There's something about the unexplained and seemingly unexplainable that can turn the most rational person into a conspiracy theorist when they start to look too closely at details that were never meant to be put under a microscope. In Jacob Gentry's Broadcast Signal Intrusion, video archivist James (Harry Shum, Jr.) in the late '90s loses himself in a mystery that turns out to be more sinister than he ever could've imagined when he stumbles across an odd snippet of disturbing video while working. Tumbling down a conspiratorial rabbit hole, James bounces from one clue to the next, all the while bringing this increasingly macabre puzzle closer and closer to a personal tragedy that leaves him unable to walk away.
Inspired by the pirate broadcast signal intrusions of the '80s and '90s, Gentry's film imagines a deep well of evil and violence behind what was largely a showcase for misanthropic hackers with too much time on their hands. By positing a scenario in which this particular brand of civil disobedience – breaking into TV broadcasts with eerie, cryptic messages – leads to an actual malevolent mastermind, Gentry taps into a rich history of similar conspiratorial cinema, but still seems to fizzle out in the end.
Shum's James is a man mourning the loss of his wife, who'd disappeared a few years before the events of the film unfold.
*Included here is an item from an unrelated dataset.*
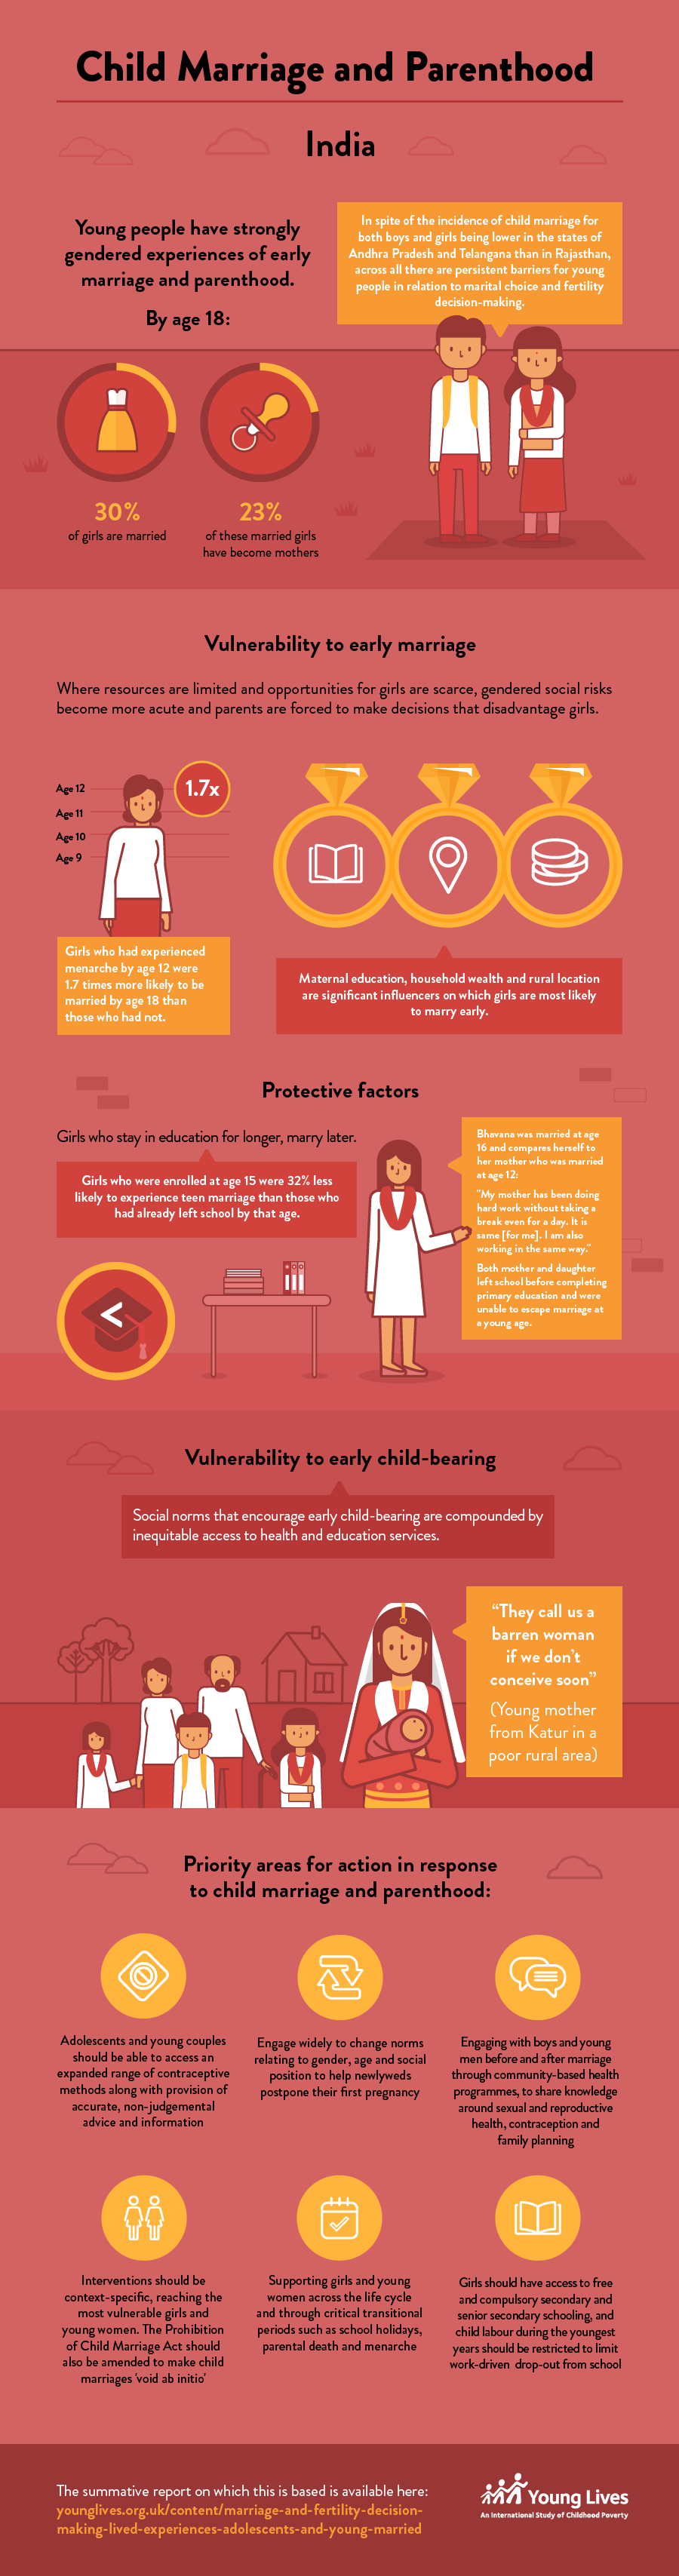 Child Marriage and Parenthood India infographic

Coping by burying himself in a job that practically necessitates isolation, James leaves himself largely closed off to the outside world, but open to focus a tremendous amount of time and energy to this mystery that has him rapt. Curiosity quickly turns to mania, which rapidly turns into a full blown obsession, especially when he begins to connect these pirate broadcasts to a series of missing women, laying bare his own open wounds regarding his missing and presumed dead wife.
Broadcast Signal Intrusion indulges in a very particular brand of late '90s introvert nostalgia. Most of James's research comes from primitive capital-I Internet bulletin boards, (BBS), a kind of safe space for social outcasts who found comfort in anonymously connecting with other outcasts of similar ilk. This leads him from one early internet sleuth to another, each of grungier than the last, in search of answers. One such comrade is a manic-pixie-hackergirl named Alice (Kelly Mack), who leads him even further down the rabbit hole – get it, Alice... – before abandoning him.
Overtly reminiscent of films like Brian de Palma's Blow Out, Antonioni's Blow Up, and especially Paul Schrader's Hardcore and Joel Schumacher's 8MM, Broadcast Signal Intrusion highlights director Gentry's obvious obsession with technology as a corrupting tool. Most famously, perhaps, embodied by his 2007 film, The Signal, in which a mysterious broadcast signal turns ordinary people into murderous beasts. In this case, technology isn't the direct evil, just the vessel that transmits the hidden villain's intentions to unsuspecting collateral victims without them realizing what's even happened.
From one seedy hacker den to another, Broadcast Signal Intrusion follows a well-trodden path for conspiratorial thrillers. Dim lighting, unkempt, unsociable borderline troglodytes, and walls plastered with photographs connected by thumb tacked-string populate the vast majority of the film, while an increasingly frenzied James alienates the few friends he's made along the way in the hunt for his truth.
However, it's not the sameness of the film that is it's ultimate undoing, it's the banality of the conclusion that lets it down. With all of the complex and convoluted plotting and ever-more sinister hinting toward a kind of criminal mastermind behind the intrusions, the ending falls a bit flat with a bit of a pedestrian anti-climax that betrays a ton of pretty cool buildup in an effort to wrap up quickly what could've been a really interesting story. Rather than a face-off worthy of the search, the finale is more of a shoulder shrug that is just O.K., which kind of bummed me out.
Broadcast Signal Intrusion has a lot going for it. An obviously committed performance from its lead, a solid layer of grit and crime across both its story and production design, and a largely compelling plot serve the film well right up until the final reel. It's just a shame that Gentry couldn't quite stick the landing, otherwise the film is definitely solid.